For Human Developers
While designed for AI agents, this guide is equally valuable for human developers new to the codebase. It covers essential architectural patterns, workflows, and conventions.
AI Agent Instructions¶
CML Cloud Manager - AI Agent Instructions¶
Quick Start for AI Agents¶
Critical First Steps:
- Always set
PYTHONPATH=srcor use Makefile commands - Run
make build-uibeforemake run(UI assets required) - Commands/queries are self-contained (request + handler in same file)
- Use Neuroglia DI patterns - never instantiate services directly
Common Operations:
make test # Run tests (use this to validate changes)
make run # Start locally (needs make build-ui first)
make dev # Full Docker stack with logs
make lint && make format # Code quality checks
Architecture Overview¶
Stack: FastAPI + Neuroglia Framework (DDD/CQRS) + Bootstrap 5 SPA + Keycloak OAuth2/OIDC Purpose: Manage AWS EC2-based Cisco Modeling Lab (CML) workers with monitoring, metrics collection, and lab orchestration Key Pattern: Event-sourced aggregates with @dispatch handlers, CQRS via Mediator, dual authentication (cookie + JWT)
Multi-SubApp Pattern¶
The application uses Neuroglia's SubApp pattern with two mounted FastAPI apps:
- API SubApp (
/api/*): JSON REST endpoints with JWT/cookie auth (seesrc/api/) - UI SubApp (
/*): Bootstrap 5 SPA with Server-Side Events (seesrc/ui/)
Both apps are configured in src/main.py::create_app() via WebApplicationBuilder and mounted with route prefixes.

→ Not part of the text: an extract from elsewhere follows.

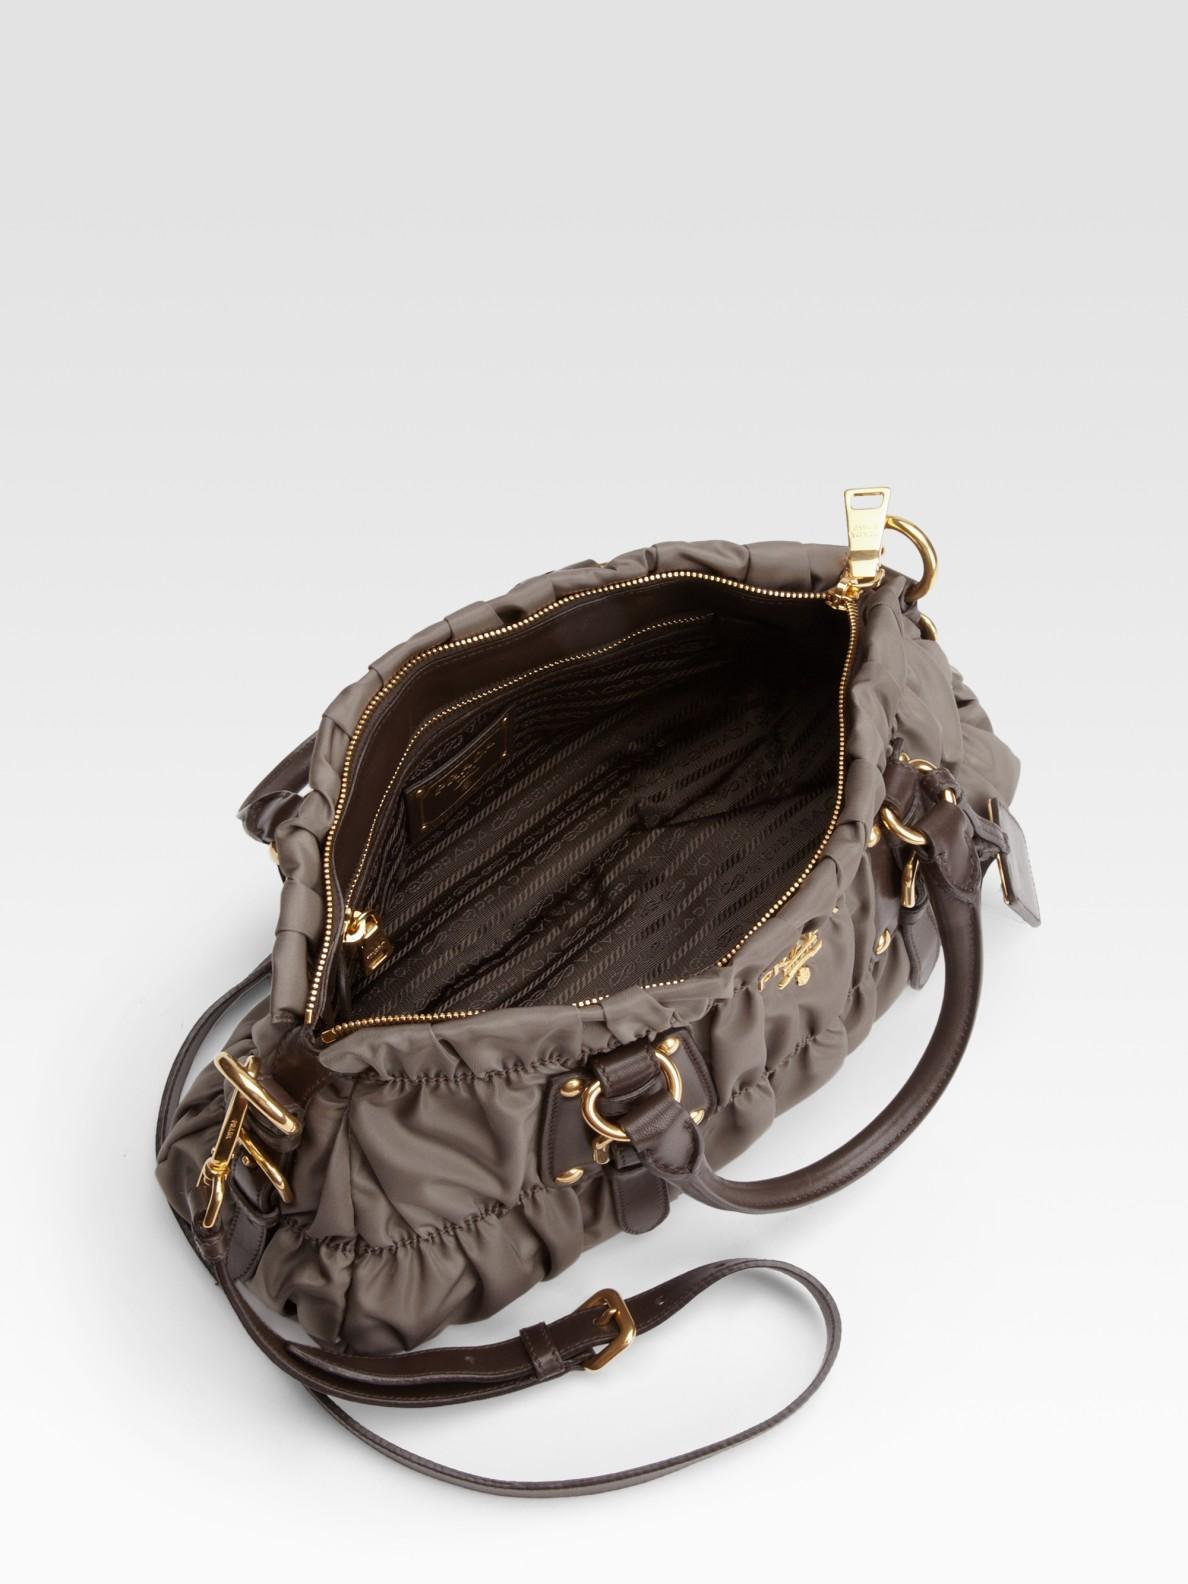 prada black and white handbag - Prada Tessuto Gaufre Nylon Satchel in Gray (grey) | Lyst

Layer Architecture (Clean Architecture/DDD)¶
domain/ # Pure entities (CMLWorker, Task, LabRecord) with AggregateRoot pattern
application/ # CQRS: commands/queries/handlers, settings, background services
integration/ # MongoDB repositories (Motor), AWS EC2/CloudWatch client
infrastructure/ # Session stores (Redis/in-memory), technical adapters
api/ # API controllers, dependencies (auth), OpenAPI config
ui/ # UI controllers, Parcel-built frontend (src/*, package.json)

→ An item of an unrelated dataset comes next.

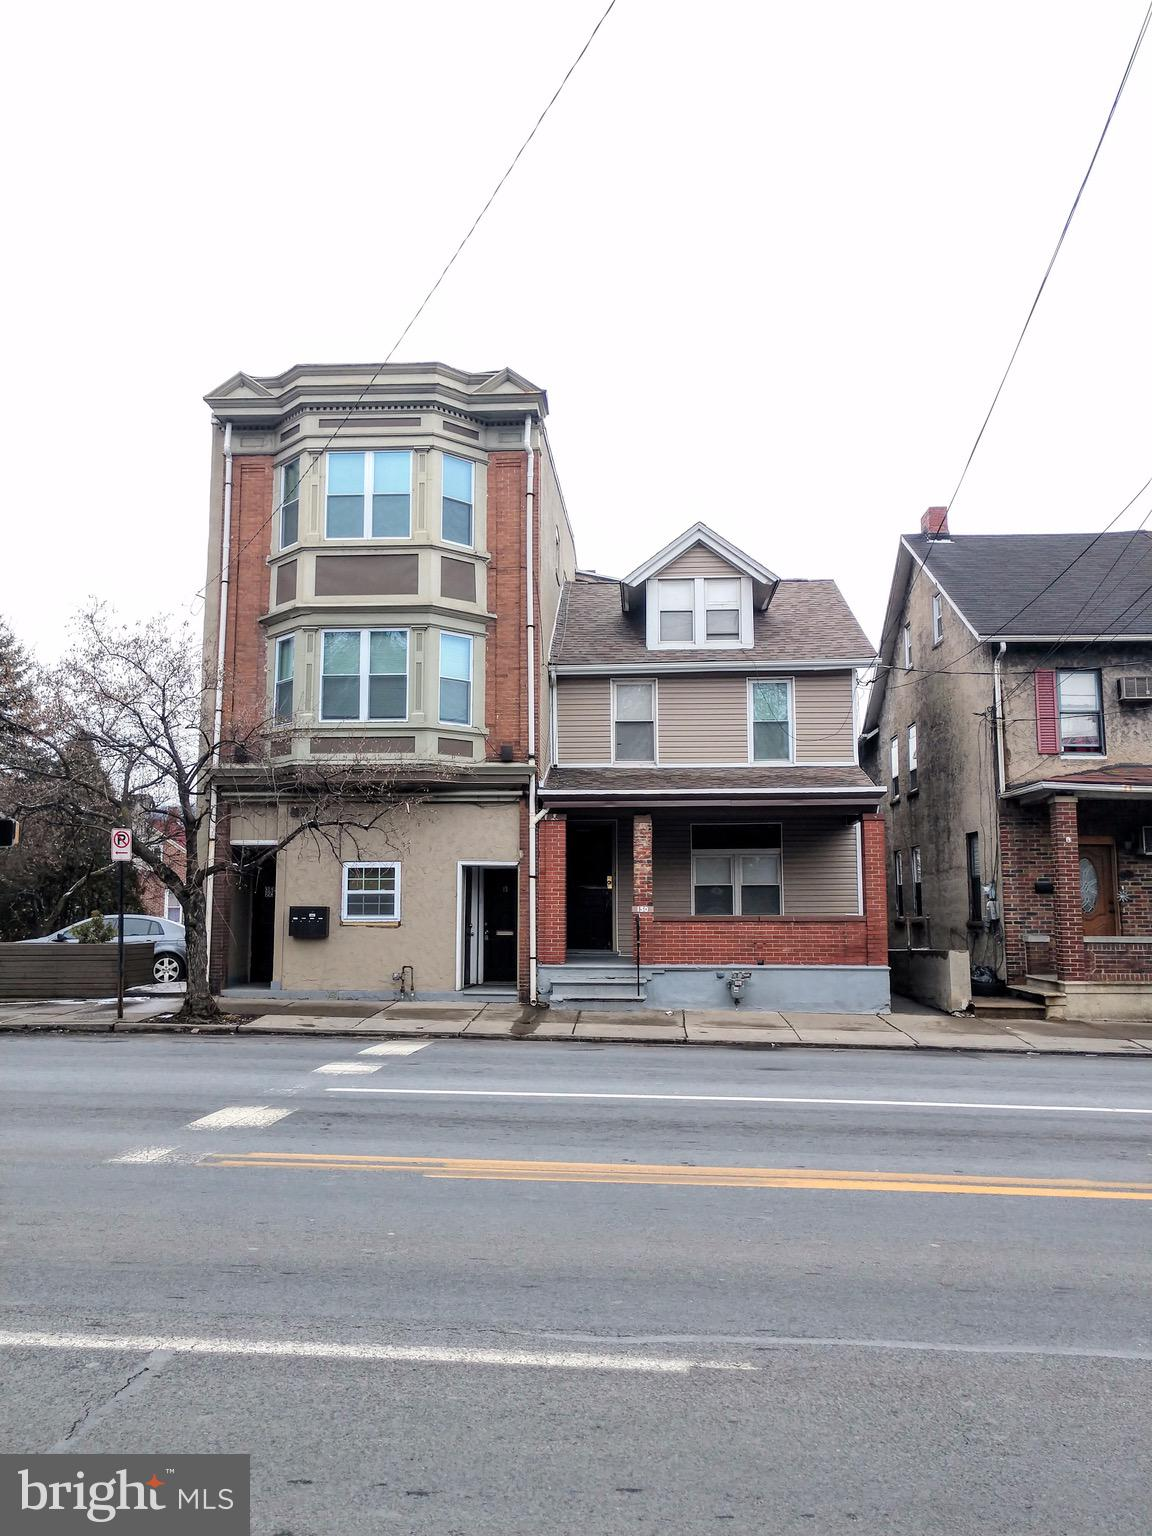 152 B HAMILTON STREET E, ALLENTOWN, PA 18109

Key Pattern: Commands/Queries are self-contained - each file contains both the request class and its handler (e.g., create_task_command.py has CreateTaskCommand + CreateTaskCommandHandler). No separate handlers/ directory.
Finding CQRS handlers: Don't look for a handlers/ directory - handlers are co-located with requests in application/commands/*.py and application/queries/*.py.
Example self-contained command:
# application/commands/create_task_command.py
@dataclass
class CreateTaskCommand(Command[OperationResult[TaskCreatedDto]]):
title: str
description: str
class CreateTaskCommandHandler(CommandHandler[CreateTaskCommand, OperationResult[TaskCreatedDto]]):
def __init__(self, task_repository: TaskRepository):
self._repository = task_repository
async def handle_async(self, request: CreateTaskCommand, cancellation_token=None) -> OperationResult[TaskCreatedDto]:
# Validate using helper methods
if not request.title:
return self.bad_request("Title is required")
# Business logic
task = Task.create(title=request.title, description=request.description)
await self._repository.add_async(task, cancellation_token)
# Return success using helper method
return self.created(TaskCreatedDto(id=task.id(), title=task.state.title))
Critical Domain Concepts¶
CMLWorker Aggregate (domain/entities/cml_worker.py)¶
Represents an AWS EC2 instance running CML. Uses Neuroglia's AggregateRoot pattern with event-driven state transitions:
- Instance type:
m5zn.metal(nested virtualization support) - expensive and slow to provision - Idle management: Instances should be stopped after idle_timeout to reduce costs (detection mechanism TBD)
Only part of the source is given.